# Need help with Hoyt Katera tuning



## HammyAbeer (Jul 15, 2008)

I think you went in the wrong direction


----------



## tmo (Feb 5, 2009)

Start over. Set rest up level with berger hole. Level to string. Set up your nock 1/8 " high off of level. this would be my best starting point. 
I have my katera set slightly higher than level at the berger hole. It would up there only after tuning broadheads. I believe kateras like to be pretty even with that hole.


----------



## archer58 in pa (Jan 3, 2007)

tmo said:


> Start over. Set rest up level with berger hole. Level to string.

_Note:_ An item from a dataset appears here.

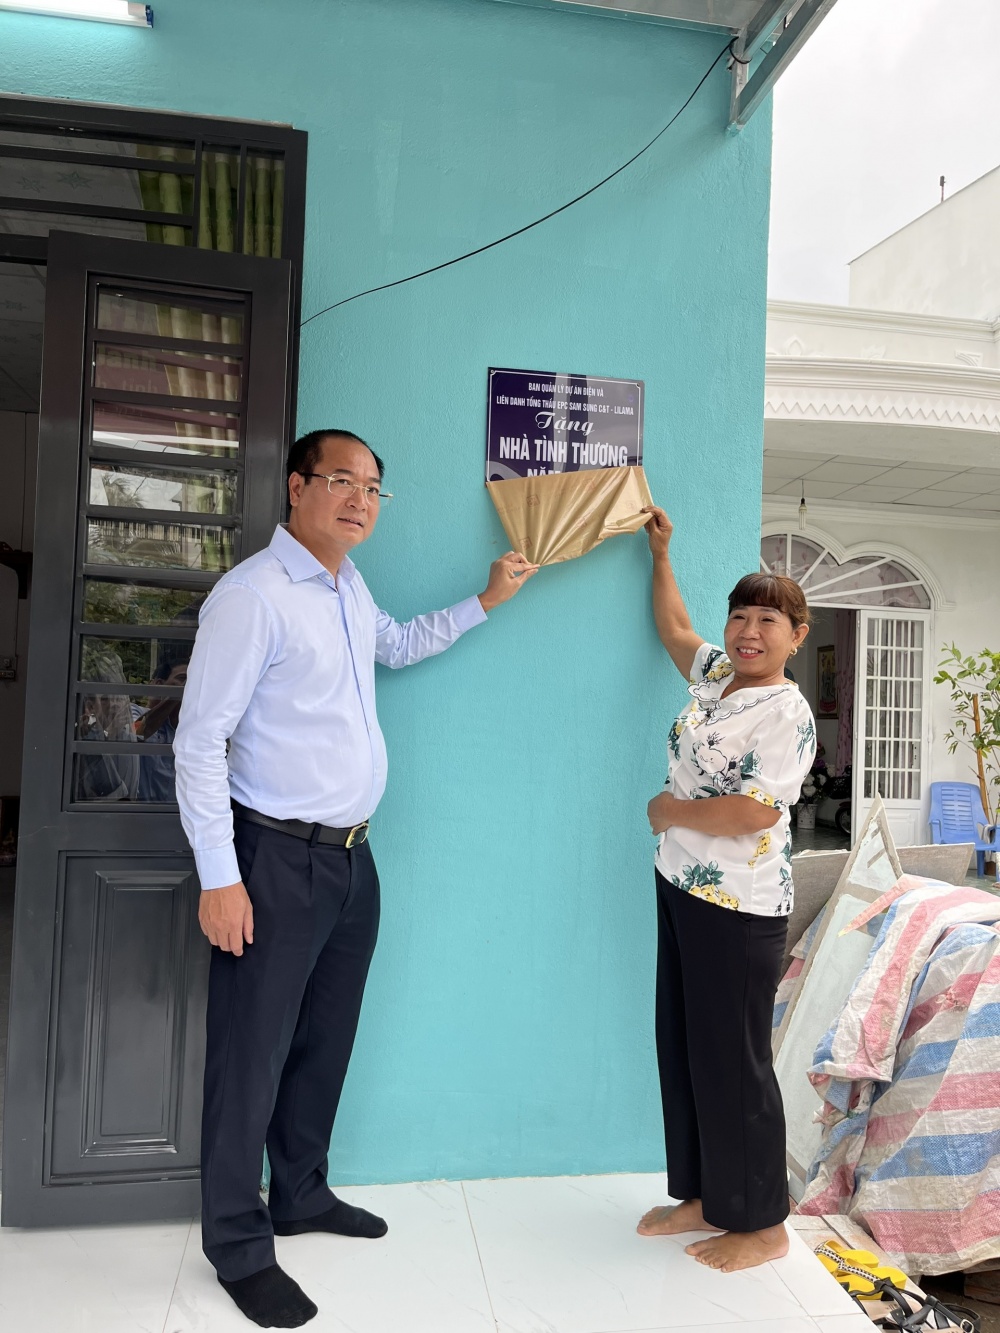 PV Power/Ban Quản lý Dự án Điện trao tặng 2 nhà tình thương tại Nhơn Trạch, Đồng Nai

Set up your nock 1/8 " high off of level. this would be my best starting point.
> I have my katera set slightly higher than level at the berger hole. It would up there only after tuning broadheads. I believe kateras like to be pretty even with that hole.


Good advice here. 
If this doesn't help, check your cam sync. Both cable stops should hit the cables at the exact same time at full draw. Cams not synchronized will cause unlevel nock travel.


----------



## sneak1413 (Aug 15, 2007)

Typical of that style rest and hoyts. Put a dropaway on and you will get a perfect bullet hole. The hostages are really picked to nock travel and hoyts are not the best. If you have it setup so the arrow is not the right spine and the nock is not perfect you will end up like you did. If you go too low on your nock point the arrow will actually push off the lower bristles and give you a nock high tear. Because there is so much play in the top compared to a whisker biscuit they are a little harder to tune and if you shoot a lot you will end up tuning a lot as well for the bristles will wear moderately fast if you shoot fairly regularly. Hoyts do tune with dropaways the best at least that is what we have found in our shop the past few years.


----------



## tmo (Feb 5, 2009)

I did fail to mention that I have a kazaway set up on my kitty kat. 
I just don't know about the consistancy of the hostage, I agree with sneak that you may have some issues with that rest. I honestly have never had one so I can't say for sure.


----------



## Broken nock (Feb 23, 2009)

I would sugjest that you start at a perfect ninty (this is were my Katera is set:mg: and shoots bullet holes). From there you need to check that you are spined corectly and your fleching will have no contact on the rest, this is what it sounds like to me. After you make sure there will be no contact with the fleching. Shoot the paper. See what you get and adjust from there. Just my two cents.


----------



## bbloom96 (May 5, 2009)

I just bagged the Hostage rest. Started over with an Ultra-rest at 90 deg. Needed to adjust timing a little on the drop away but now I have bullet holes. Thanks for the info guys. I guess that I was getting contact with the rest but I do not know why.

Brian


----------



## tmo (Feb 5, 2009)

bbloom96 said:


> I just bagged the Hostage rest. Started over with an Ultra-rest at 90 deg. Needed to adjust timing a little on the drop away but now I have bullet holes. Thanks for the info guys. I guess that I was getting contact with the rest but I do not know why.
> 
> Brian


bullets holes, sweet!!


----------